Heroes, by the way is such a close concept to the Good Guys, my first profession venture into the world of comics via the defunct Defiant Comics that I did a head spin when I saw the premise.

Comics have long been about being able to reflect the times, and nowhere is that more apparent than reading books in hindsight, when we are accurately able to judge the tenor of the times. The Batman is a revenge fantasy that spilled over from the lawless Robber Baron Gangster 30's, and by the middle of the 1950's he'd been tamed into a reassuring man in a mask. Marvel had long had a history of moving slowly, due in part to Martin Goodman's "find what's hot and make a copy" philosophy. Thus we had Master of Kung Fu long after the craze, and the Disco Dazzler showing up in 1980. But mainstream America is also slow to get to get with the times. The producers of Saturday Night Fever have gone on record as saying that they did the movie to document a culture that was in New York and that had died out. No one knew that it would ignite a new trend for the entire country.
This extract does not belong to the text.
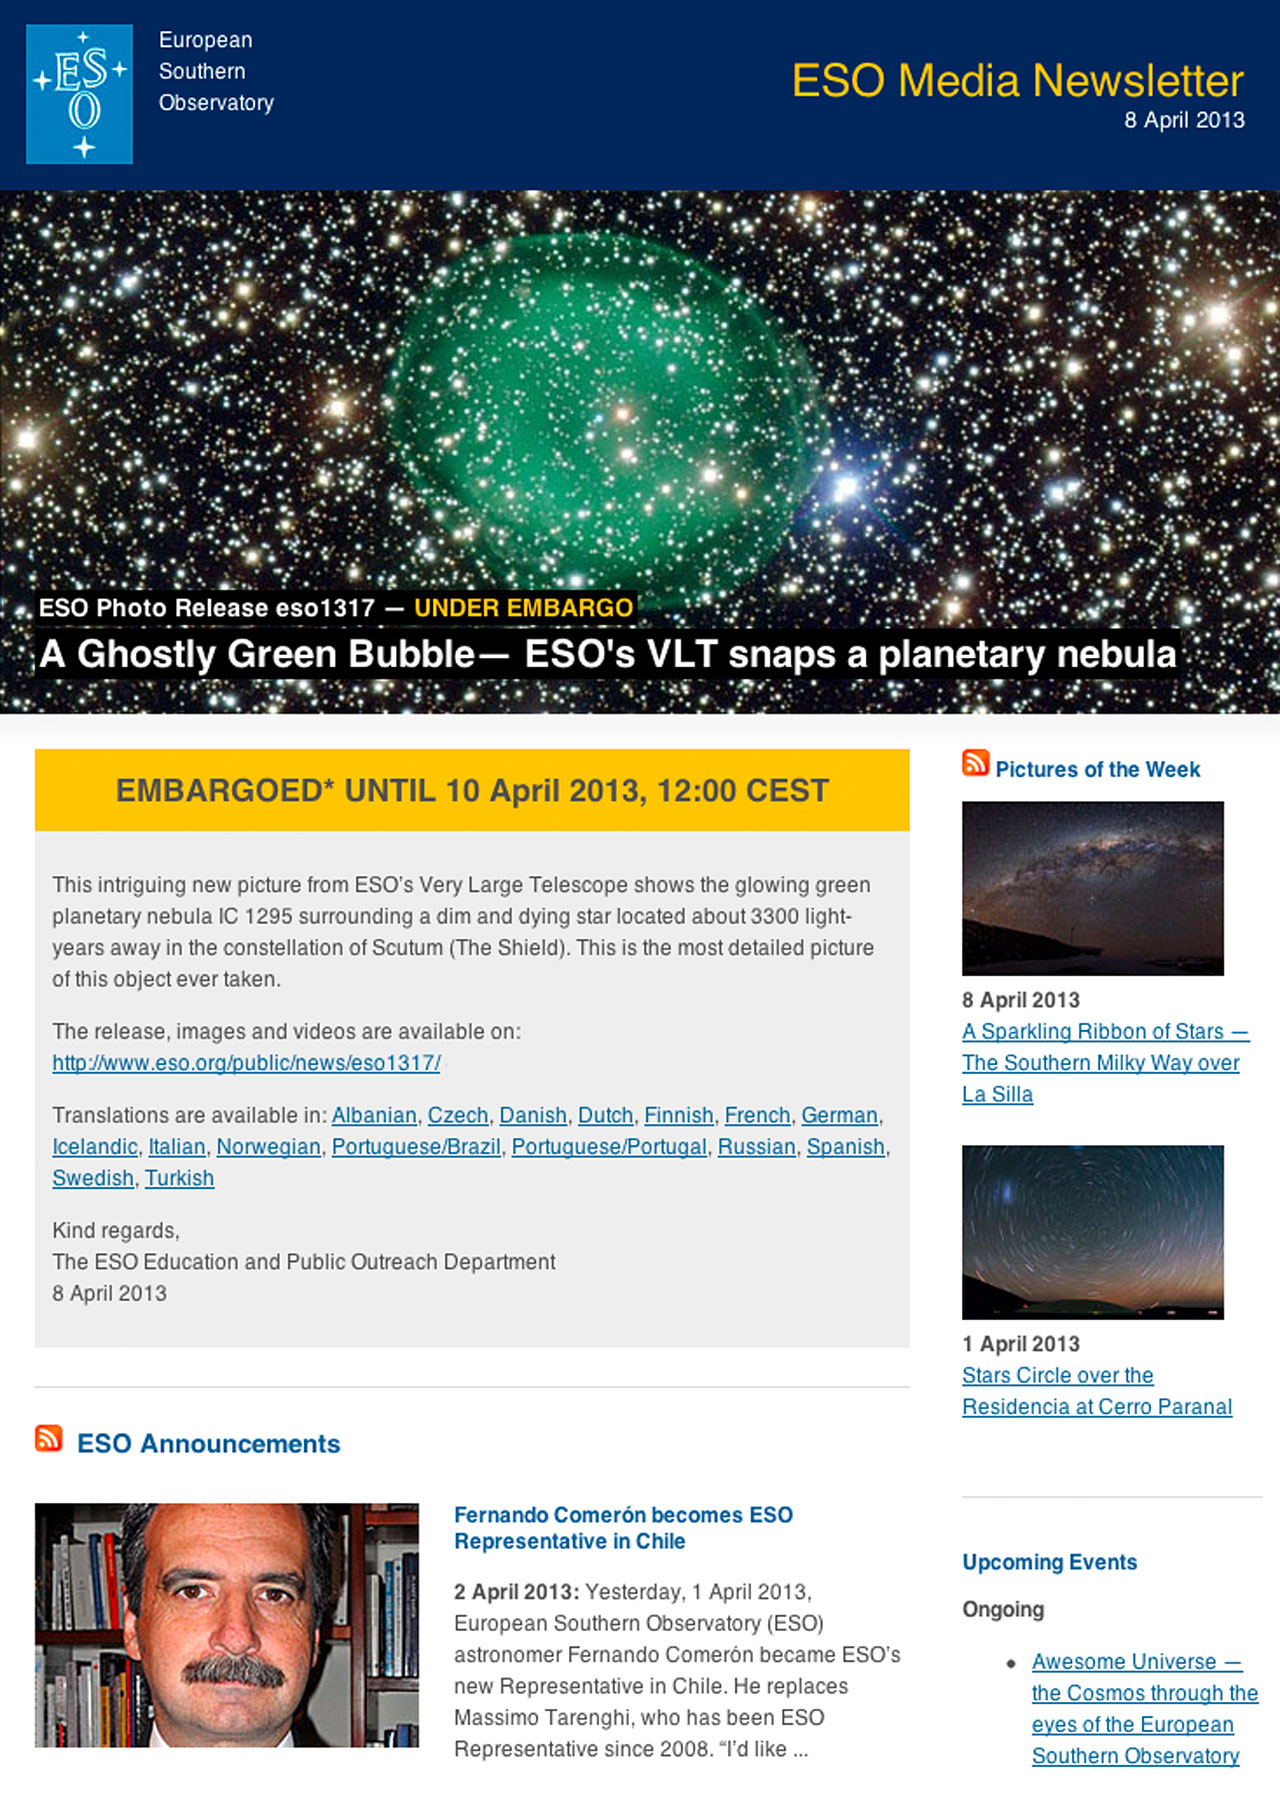 ESO Media Newsletter — 8 April 2013

What I hate seeing is comics having to be reactionary at all. Steven is still thinking of the monthly periodical version of comics, and I think that I'm far more focused on the novel/novella format. I personally like the idea that there should be less layers in the editorial system in publishing, and I'm sure that it's a personal frustration for someone who has pitched as much material as he has that editors cannot simply champion a project and bring it to fruition, but we all know that the star editorial system exists in all layer of the publishing world, and that there are very few Archie Goodwin's out there who have that sort of amazing taste as to the projects that they can get behind. (We can thank Archie for getting behind Starman, the great American comic book for the decade of the '90's.)
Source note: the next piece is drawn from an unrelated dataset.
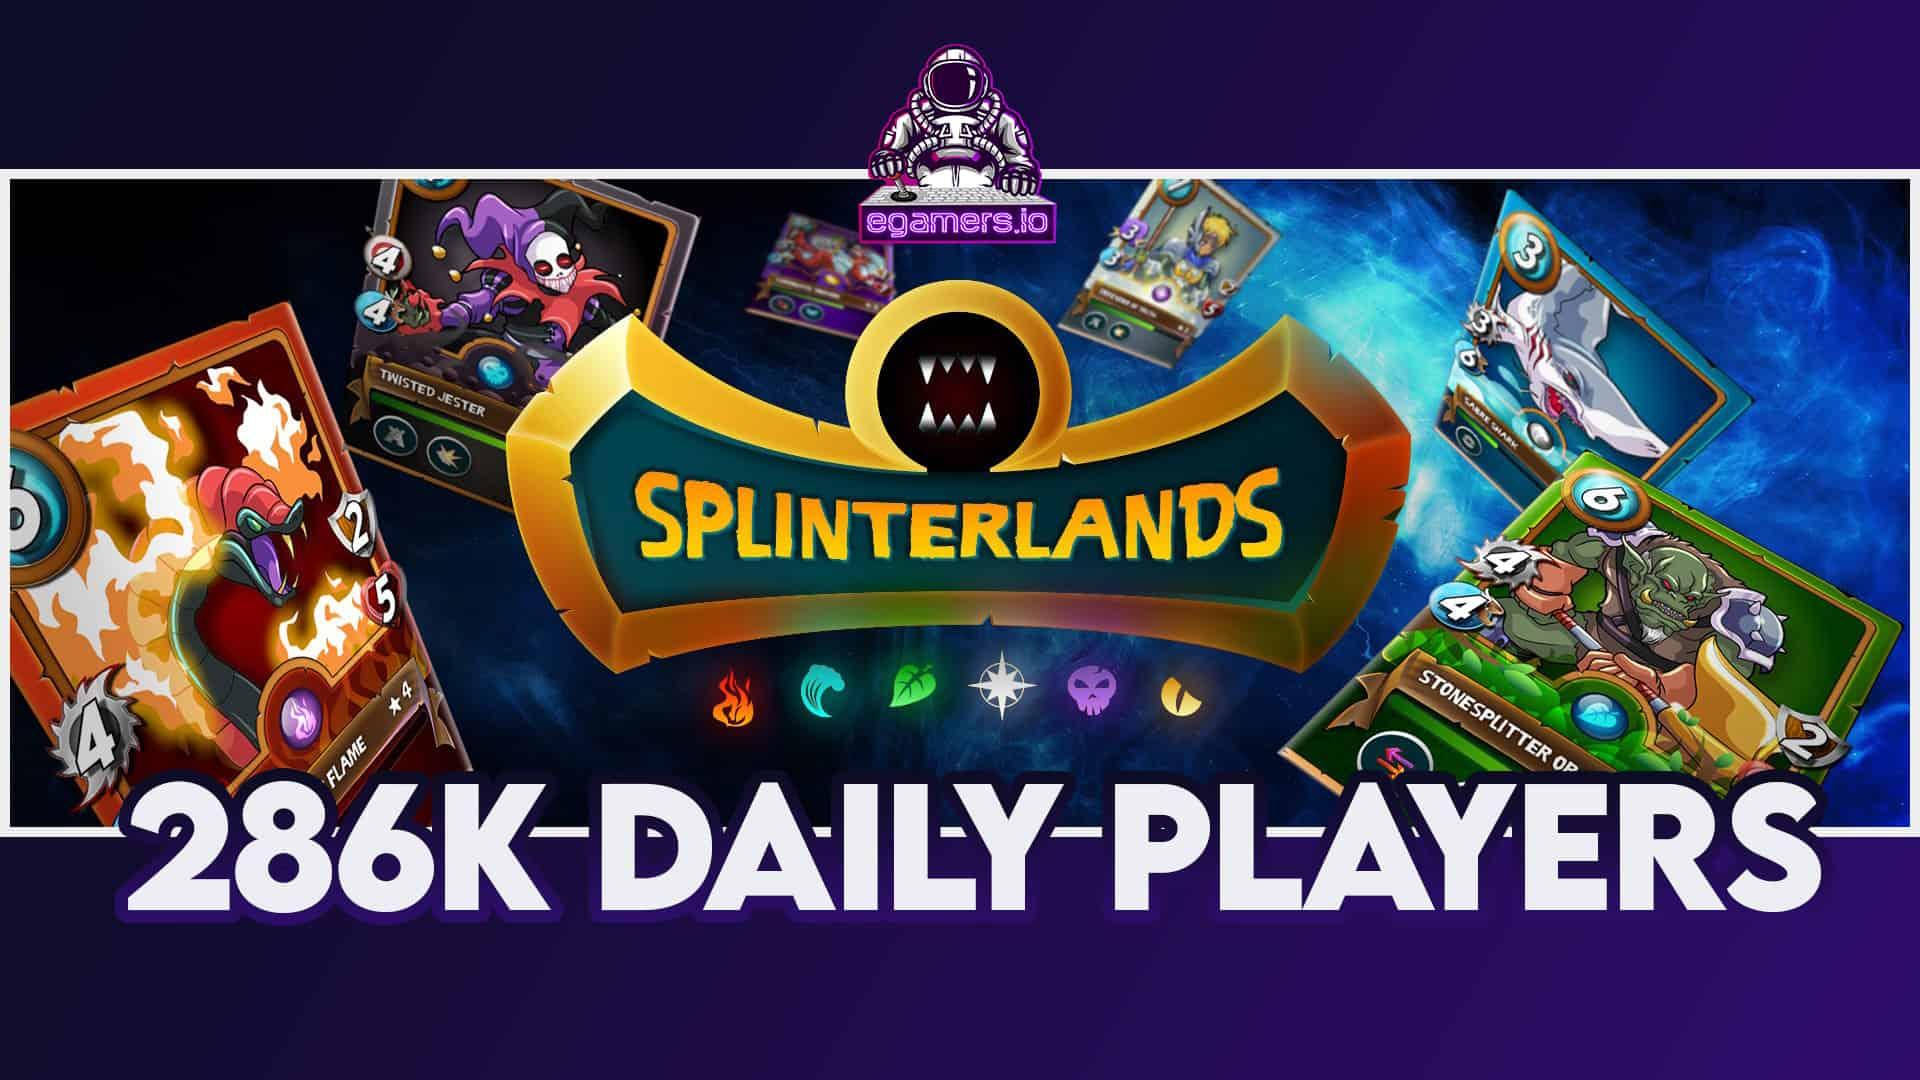 Splinterlands Reaches 286,000 Daily Players

Political cartoons are reactionary, we don't need to to. The current crop fo graphic novels currently gaining a certain level of respect have a longer shelf life, and make for interesting movies. Ghost world is a good example, and it doesn't need a $100 million budget. I thought that Linkletter did a great job bringing A Scanner Darkly to life, and Phil Dick's book could easily have been a comic for all its twists and turns and drug addled visuals. Hell, it could have been an Englehart/Brunner comic with its level of paranoia.

And Steven, when I think of Leonard Cohen, I thinkof the chilling album, the Future. That is not easy stuff to digest. Leonard makes it sound nice, but its scary stuff. Just check out Natural Born Killers.